Notes to the Financial Statements
March 31, 2006
1. Summary of Significant Accounting Policies
A summary of the significant accounting policies applied in the preparation of the accompanying financial statements follows:
A. Basis of Preparation
The Retirement Solution, Inc. (the “Company”), is incorporated under the laws of the State of Nevada on August 10, 2005. The accounting policies of the Company are in accordance with accounting principles generally accepted in the United States of America applied on a consistent basis.
B. Nature of Operations
The Company is a direct sales/multi-level marketing company that provides financial and educational information to its subscribers.
C. Cash and Cash Equivalents
For purposes of the statement of cash flows, cash includes demand deposits, saving accounts and money market accounts. The Company considers all highly liquid debt instruments with maturities of three months or less when purchased to be cash equivalents.
D. Measurement Uncertainty
The preparation of financial statements in accordance with accounting principles generally accepted in the United States of America requires management to make estimates and assumptions that affect the reported amounts of assets and liabilities and disclosure of contingent assets and liabilities at the date of the financial statements and the reported amounts of revenues and expenses during the reporting period.
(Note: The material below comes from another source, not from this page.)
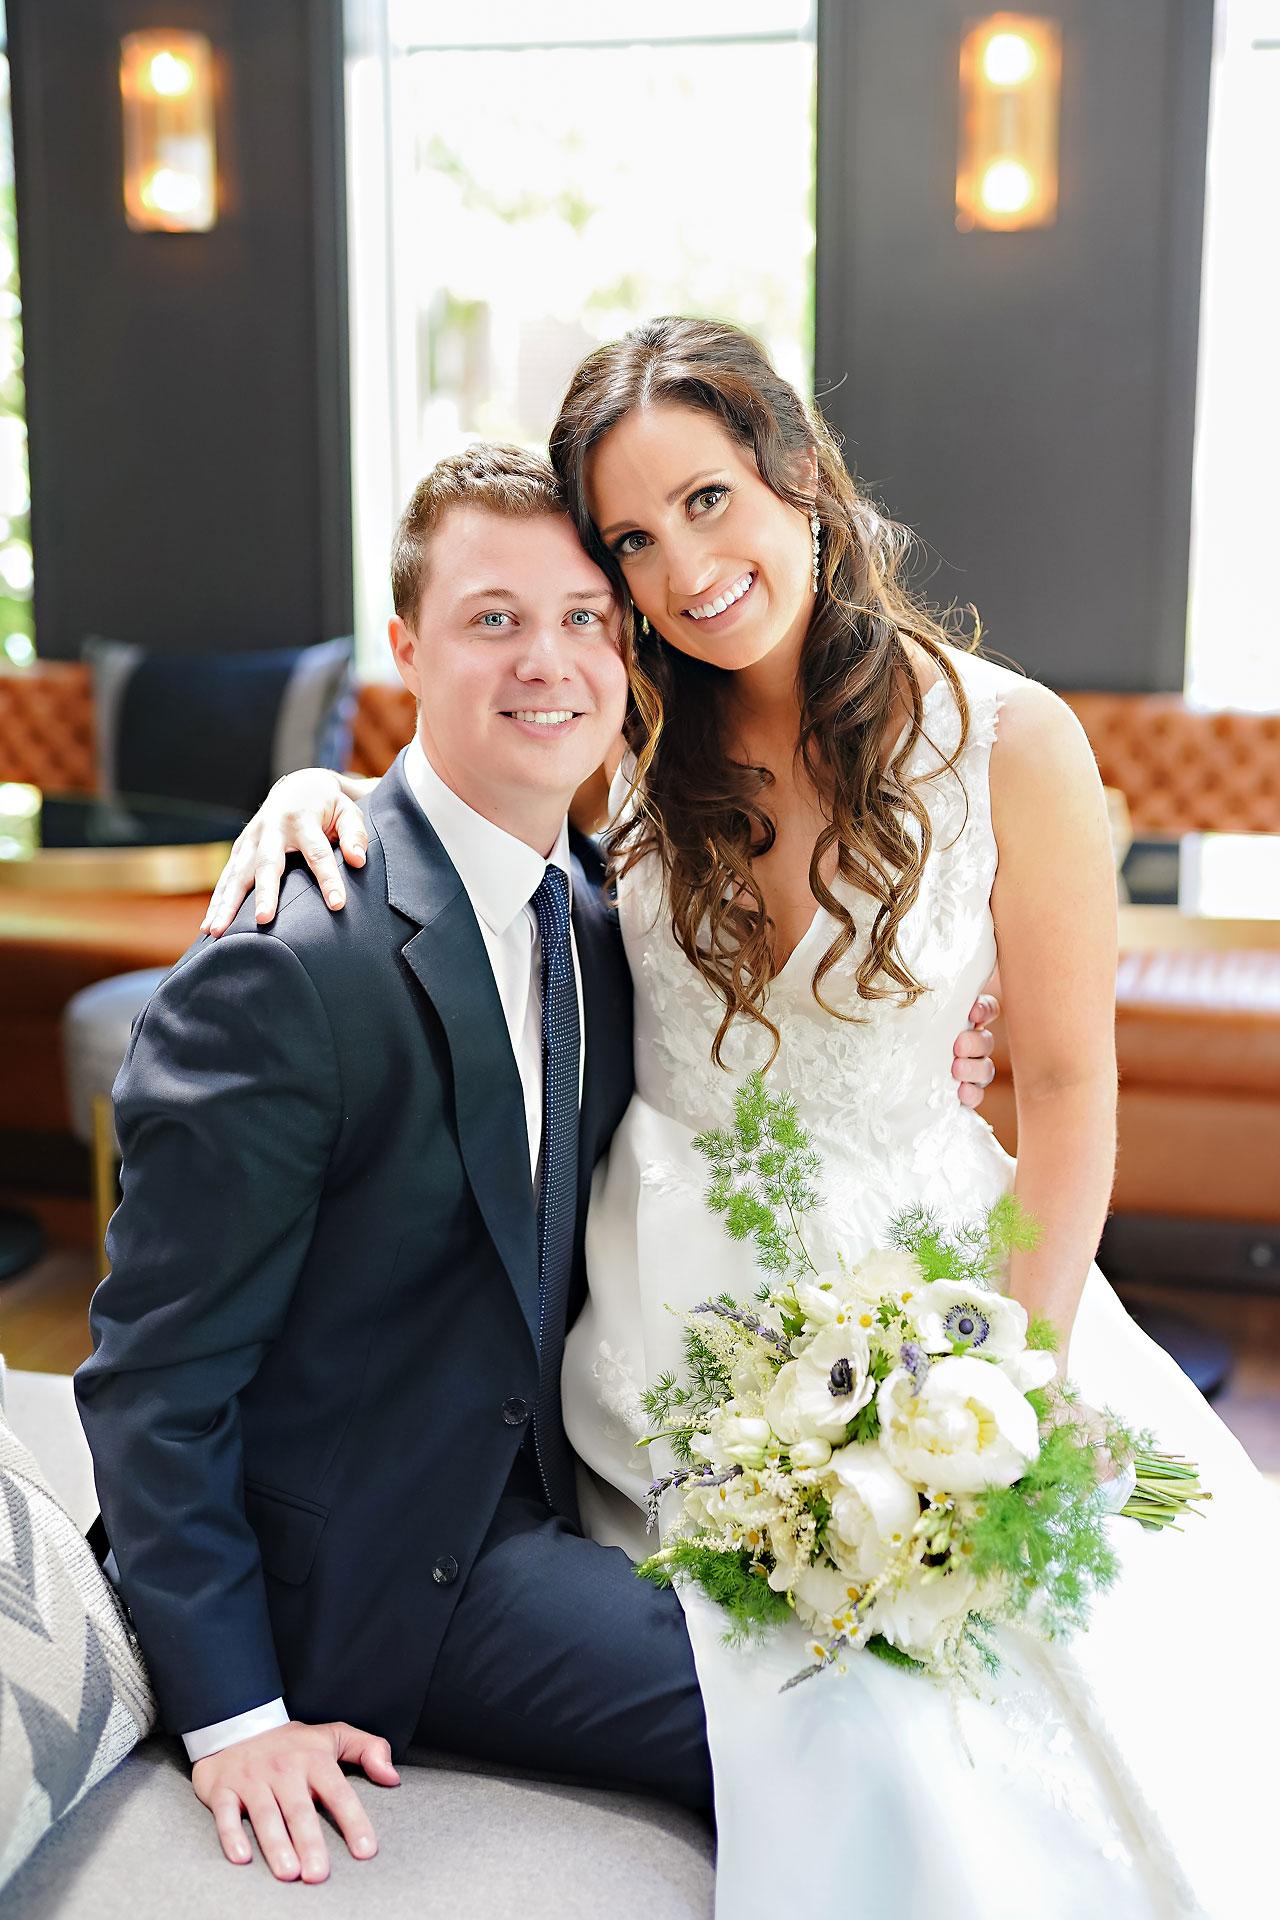 MacKinze John Lafayette Indiana Purdue Wedding 072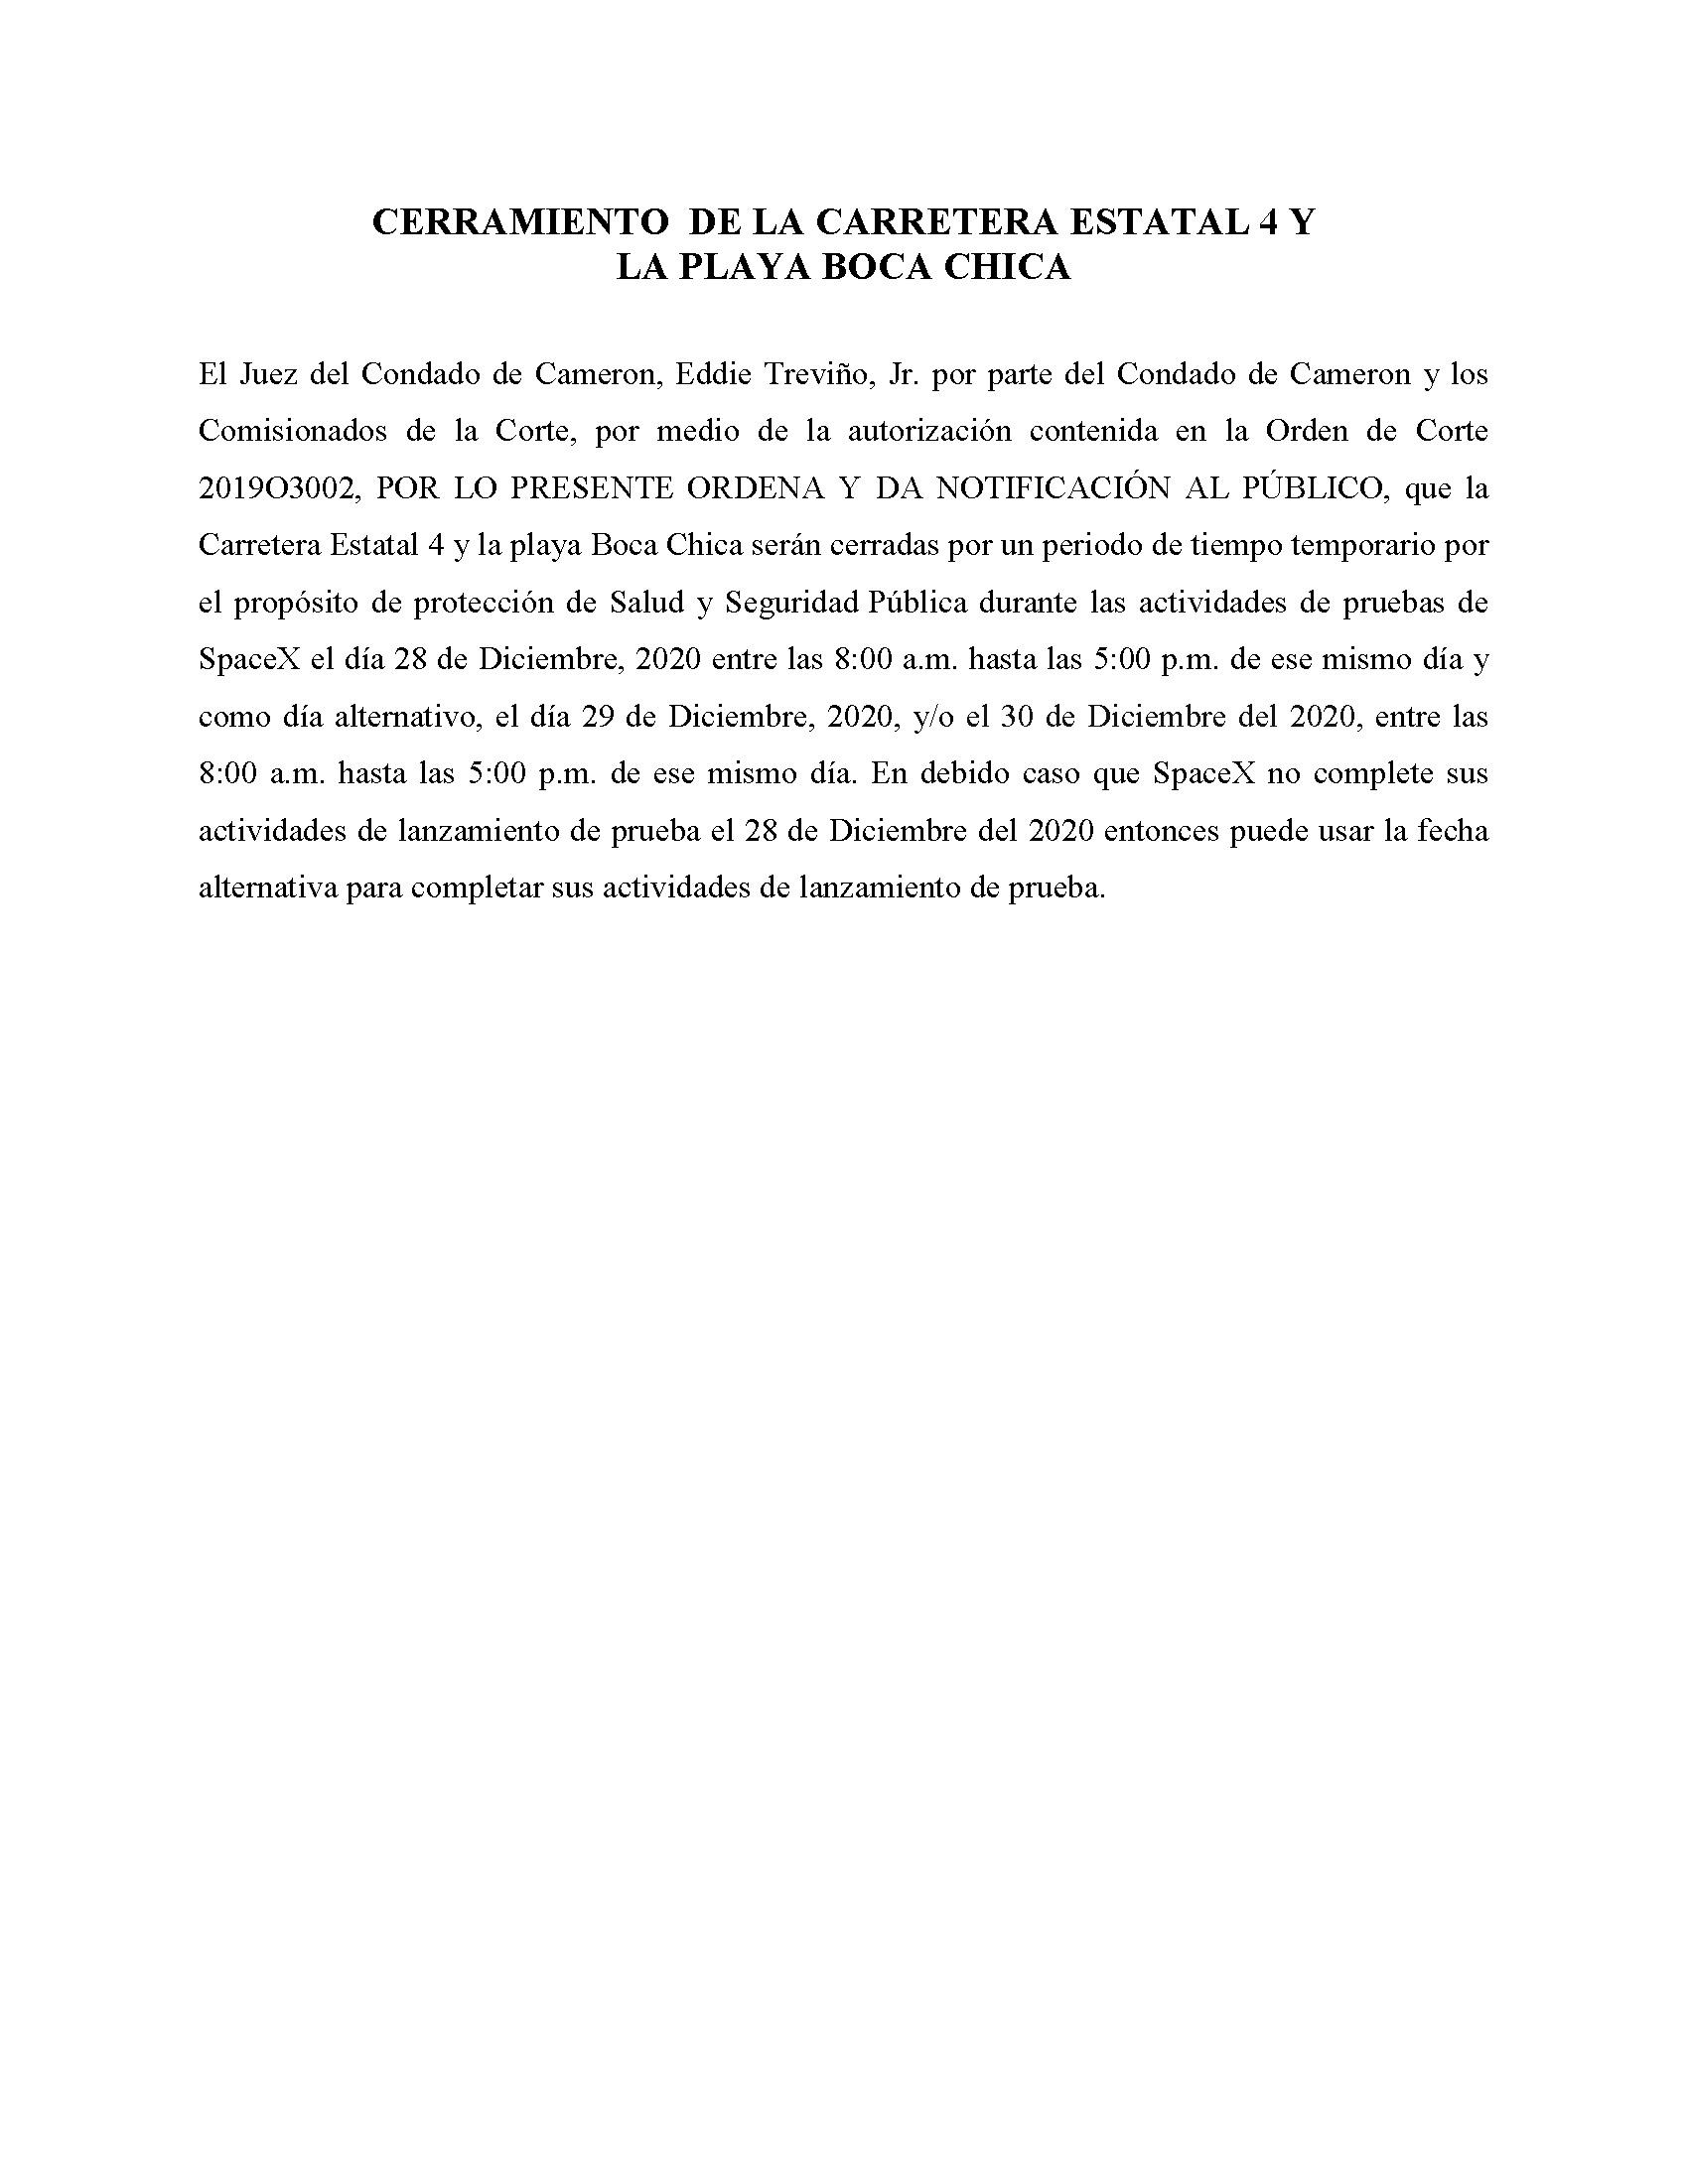 ORDER.CLOSURE OF HIGHWAY 4 Y LA PLAYA BOCA CHICA.SPANISH.12.28.20

Actual results could differ from those estimates and may have impact on future periods.
E. Property and Equipment
Leasehold improvements and furniture, fixtures, and equipment are carried at cost, less accumulated depreciation and amortization. Depreciation and amortization are computed on the double-declining balance method over the estimated useful lives of the equipment for financial reporting purposes.
F. Income Taxes
The Company utilizes the liability method of accounting for income taxes. Under this method, deferred tax assets or liabilities are determined based on the differences between the financial and income tax bases of assets and liabilities and are measured using the enacted tax rates and laws that are expected to apply when differences are expected to be settled or realized. An allowance against deferred tax assets is recorded when it is more likely than not that such tax benefits will not be realized.
F-7
The Retirement Solution, Inc.
Notes to the Financial Statements
March 31, 2006
1. Summary of Significant Accounting Policies (continued)
G. Fair Value
The carrying amounts reflected in the balance sheet for cash, cash equivalents approximate the respective fair values due to the short maturities of those instruments.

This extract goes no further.